Exercise material:
BEGIN

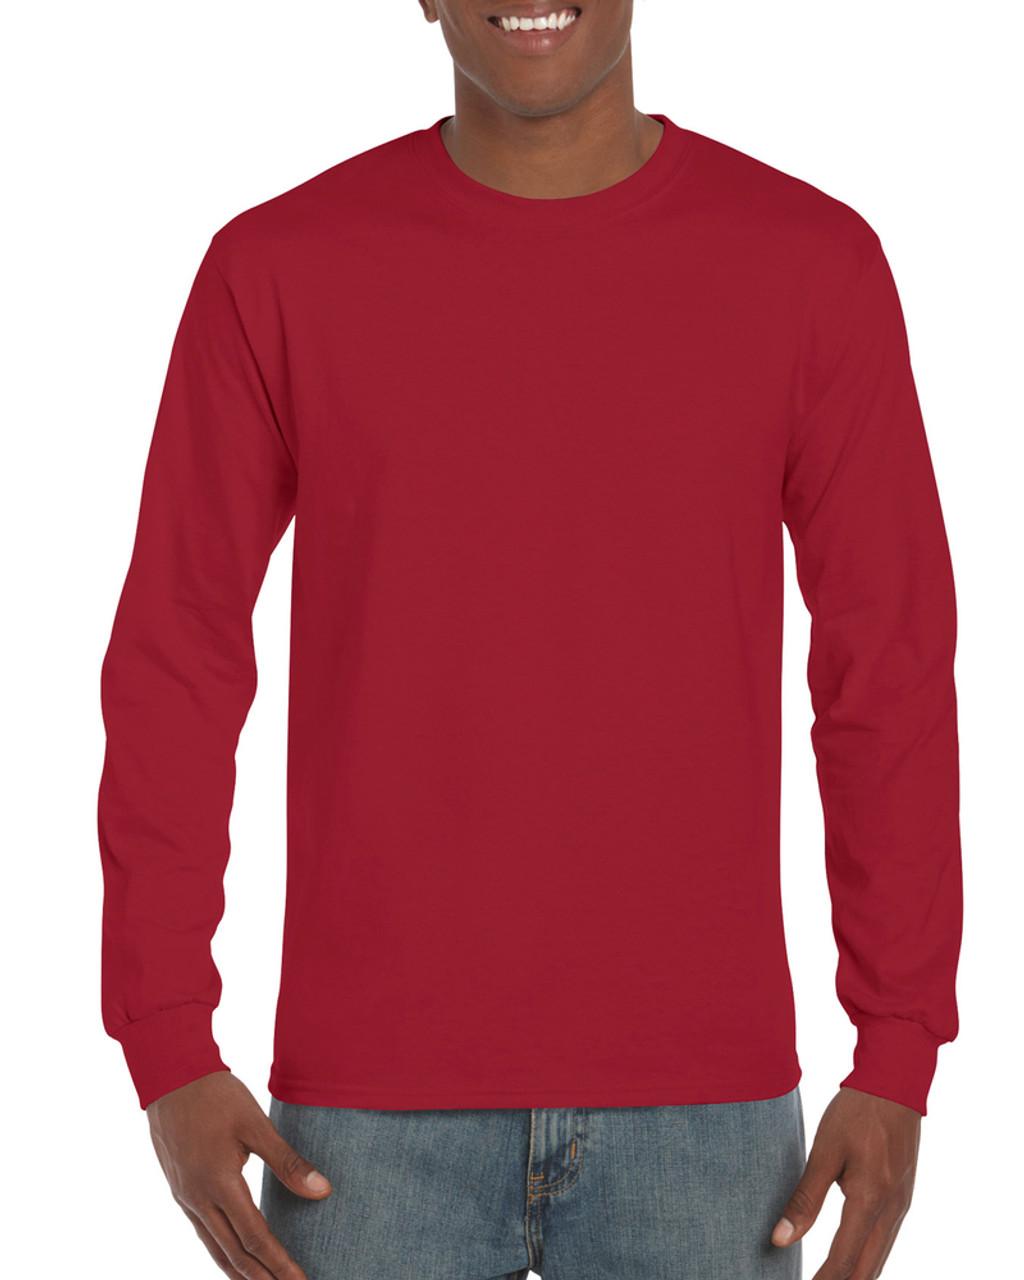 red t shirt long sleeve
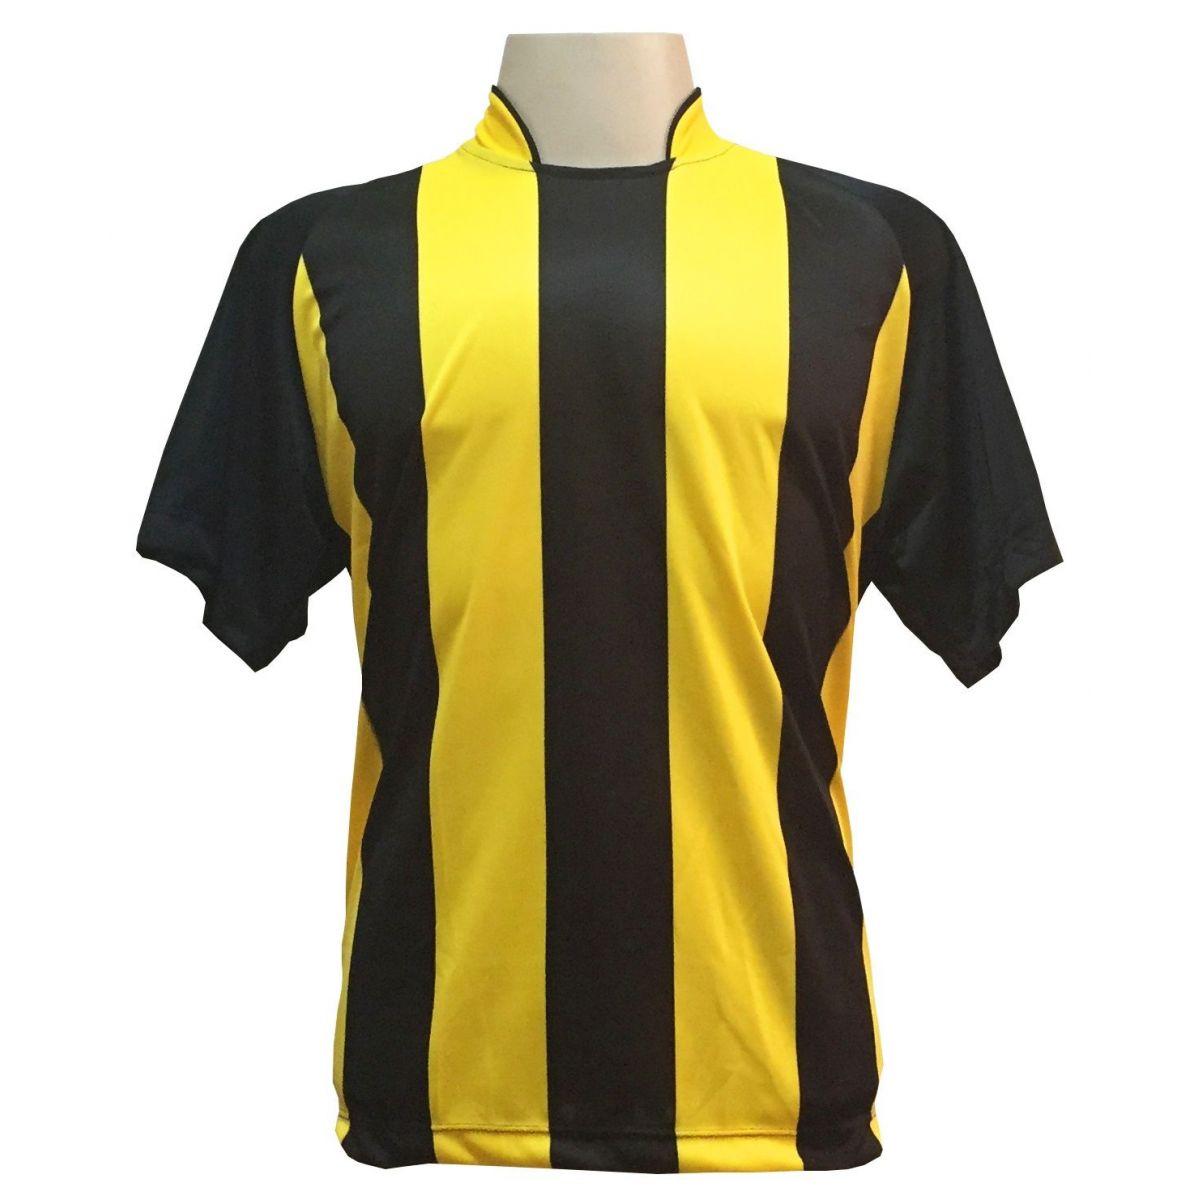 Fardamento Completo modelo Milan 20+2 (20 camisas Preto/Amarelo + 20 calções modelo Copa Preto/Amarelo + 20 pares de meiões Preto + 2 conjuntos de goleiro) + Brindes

END
BEGIN

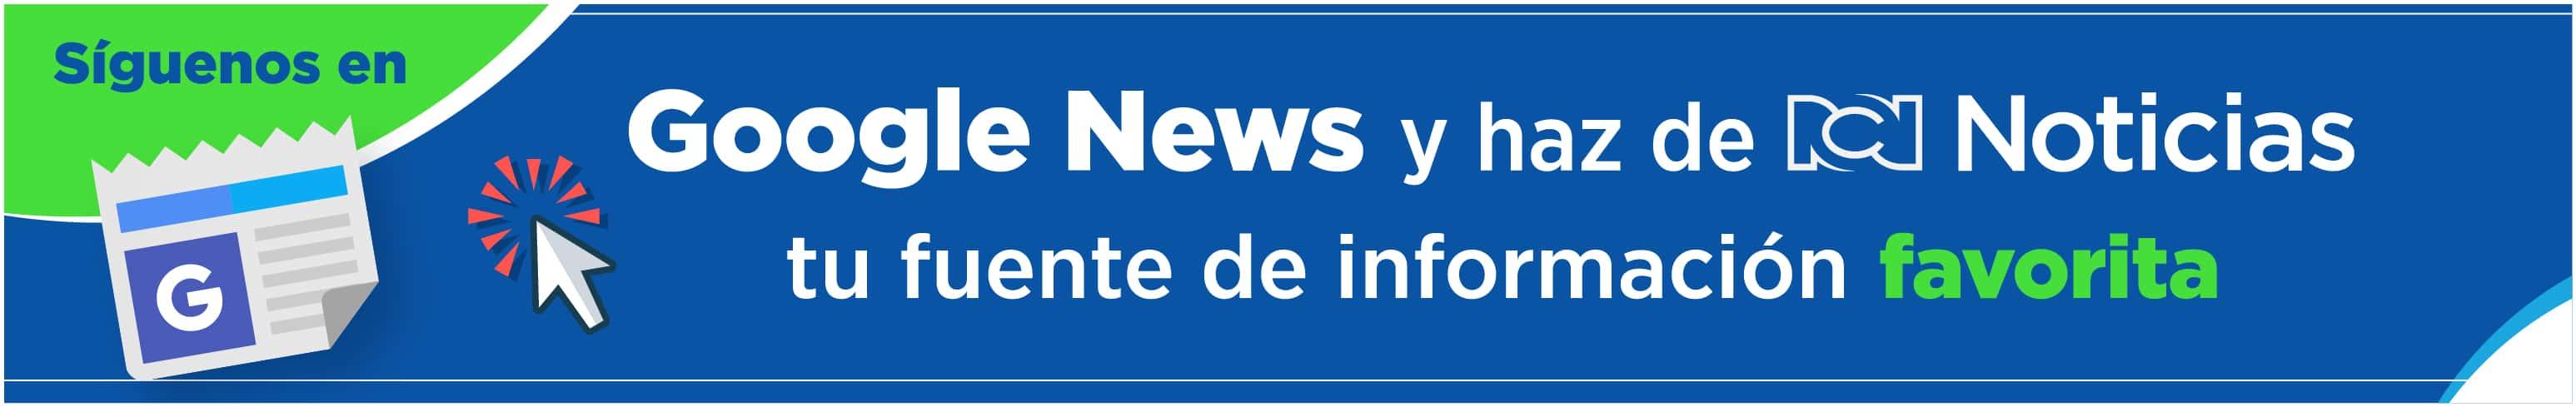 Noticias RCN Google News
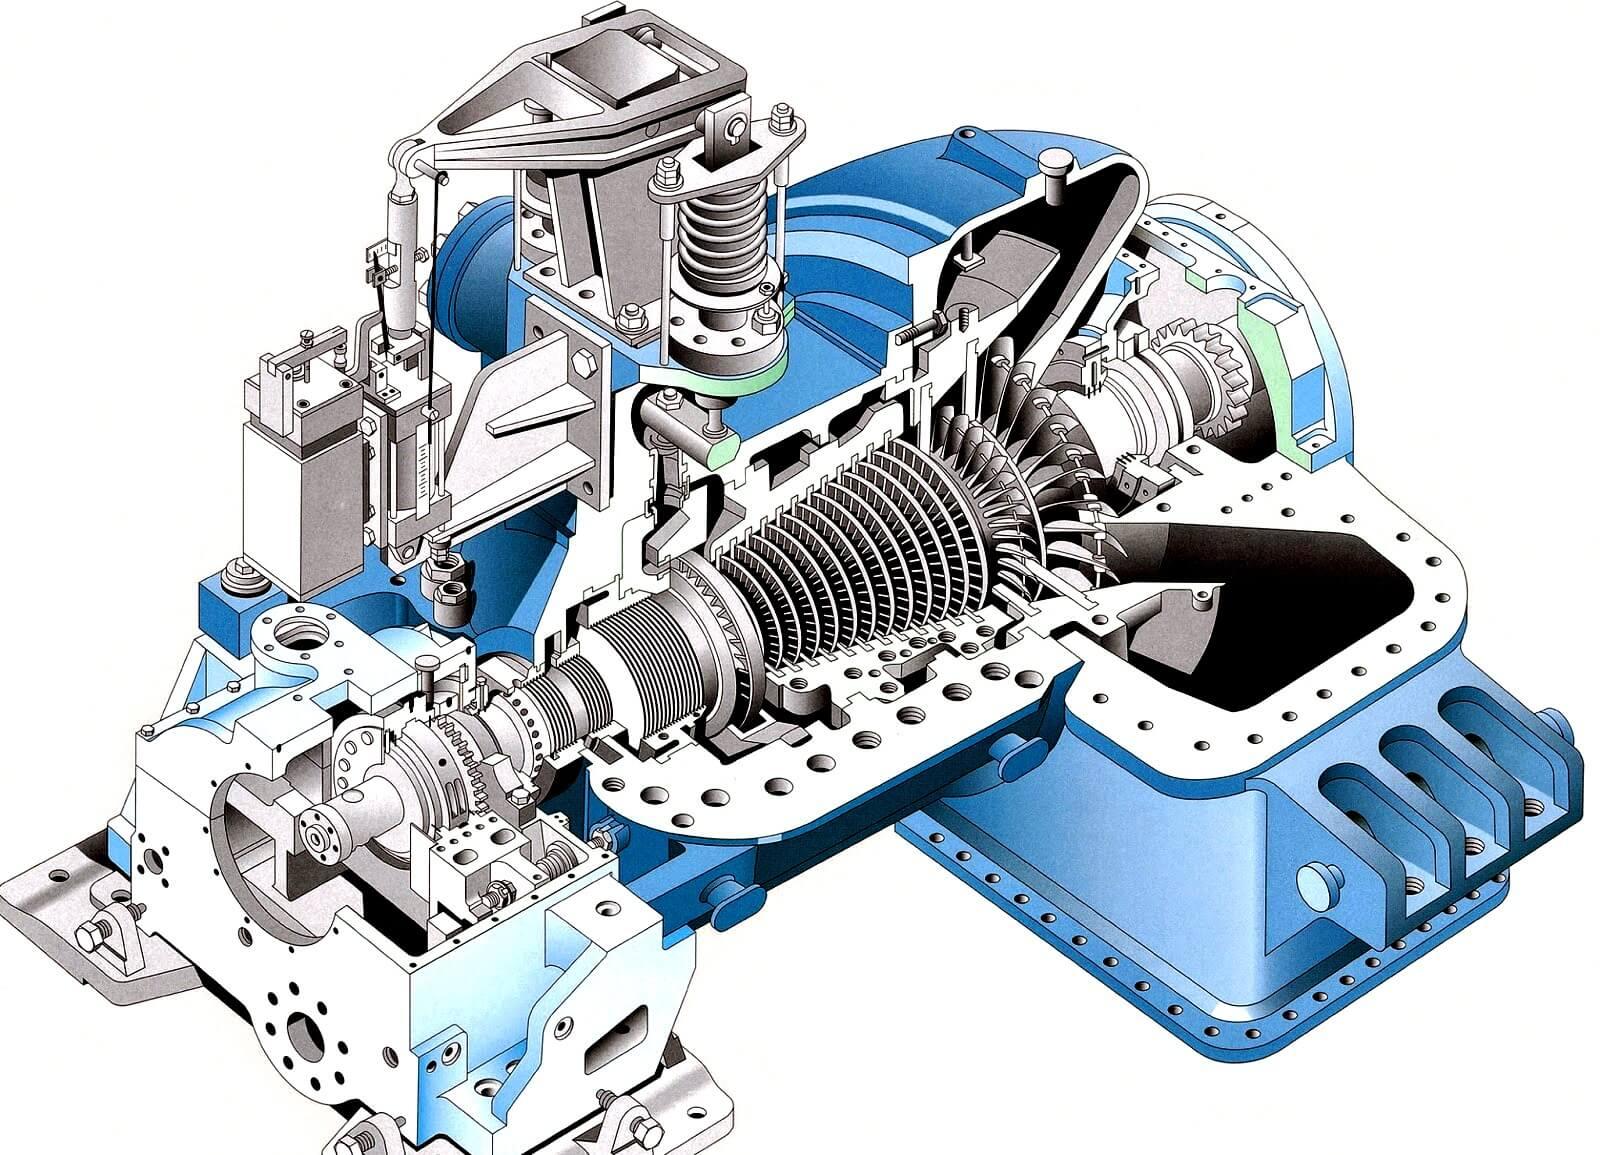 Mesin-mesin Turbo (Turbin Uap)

END

Print nothing but the lines above starting with the line that contains "red t shirt long sleeve" and going on through the line that contains "Fardamento Completo modelo". Leave out the pictures.

 red t shirt long sleeve
 Fardamento Completo modelo Milan 20+2 (20 camisas Preto/Amarelo + 20 calções modelo Copa Preto/Amarelo + 20 pares de meiões Preto + 2 conjuntos de goleiro) + Brindes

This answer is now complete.